Last autumn, I discovered Harlequin Books was running its So You Think You Can Write? contest.

I had this completed draft of a romantic suspense novel, Grand Theft, Auto, sitting on my hard drive. It’s got some difficult content in it, content I wasn’t sure quite qualified as romance. It tackles domestic abuse, for one thing, and its heroine commits a crime, for another.

I dithered for quite a while, as you might imagine. I consulted my writing partner, whose “WHAT ARE YOU WAITING FOR?” email reply blew my hair back while I was sitting at my computer monitor.

So I sent in the draft to the contest and prepared for it to sink without a bubble. I figured I needed the practice in rejection. I watched my story go up with 600 other stories on the contest website, and sighed.

A few weeks later my elderly car was having an attack of the shimmies, signaling time for a new clutch and a brake job. I was sitting at the red light near where I work, hoping the car would go just another block into the parking lot and then it could die its gory, smoky death. My cell phone rang. I couldn’t pick it up, but I glanced at the display: a number I didn’t recognize. My car and I shuddered into the parking lot, I tried to stop shaking, and then I listened to my voicemail.

It was Harlequin calling.

I stumbled into work, hyped on adrenaline from both the car AND the phone call. I went into a private office and called Harlequin back. They told me my story had made it out of the first round into the second round, one of twenty-eight stories of the original 600.

I was elated and terrified at the same time. That night I got to work prepping the full manuscript for submission to the next round of the contest.

A few weeks later, there was another call from Harlequin, only this time it was to tell me the story had moved on to the next round: top three selections, all available for public review, comment, and voting.

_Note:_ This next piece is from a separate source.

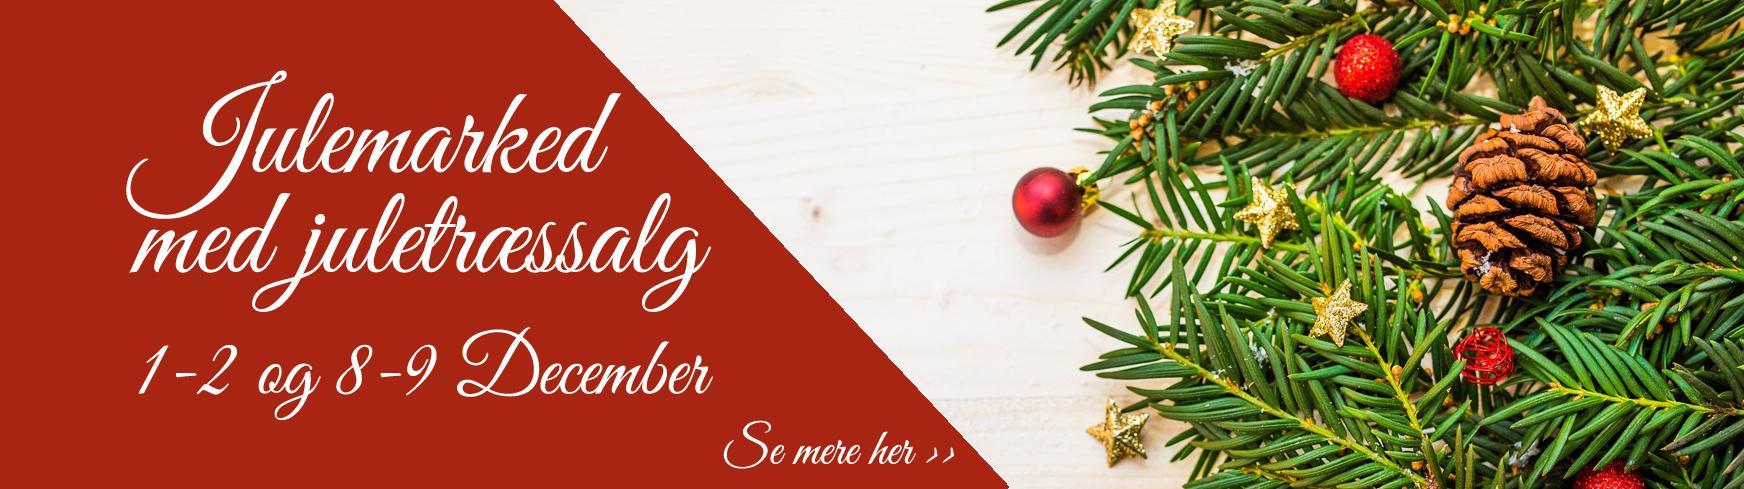 julemarked med juletræssalg i december

To say I was excited would be an understatement.

My little story was out in the world, and doing well for itself. The editor and I had a brief chat about what else the story might need done to it, and I set to work. It’ll be back in her hands soon!

I can hardly wait to see what happens next (other than my butt in the chair and my hands on the keyboard) for Abby and Cade and the stolen truck in the story.

Look, Ma, it’s a REAL BOOK!

It’s official!  My first in-print short story, “Perambulations,” is now available from Norilana Books, in the anthology Under the Rose.

Here’s a look at the front cover:

Look, Ma, its a real book!

Look, Ma, it's a real book!

Pretty cool, eh?  I love the cover art from Norilana.  I also wanted to include the Publisher’s Weekly review for the anthology.

Under the Rose Edited by Dave Hutchinson. Norilana Fantasy (www.norilana.com), $16.95 paper (452p) ISBN 978-1-60762-042-6

The quality of the 27 original short stories in this fantasy anthology is wildly inconsistent, but there are a handful of real gems, including Mel Sterling’s “Perambulations,” a horror-nuanced tale of carny Mister Strange and his enticing clockwork creations; Justin Stanchfield’s “A Distant Scent of Rain,” which chronicles the revelatory ceremonial first contact between humankind and an alien delegate; and “Sagekites’ Land” by Ekaterina Sedia, a poignant story about a boy’s struggle to come to grips with his father’s looming death and the loss of his family’s homestead. Readers who get past Pauline E. Dungate’s clunky “Plant Hunter,” Tim Lieder’s self-satisfied “Office Job” and William John Watkins’s tell-don’t-show “Five Hundred Vinnies”—all far too weak for their cushy opening spots—will find enough good stories to make the effort worthwhile. (Oct.)

It’s very exciting for my story to be especially noted by the reviewer.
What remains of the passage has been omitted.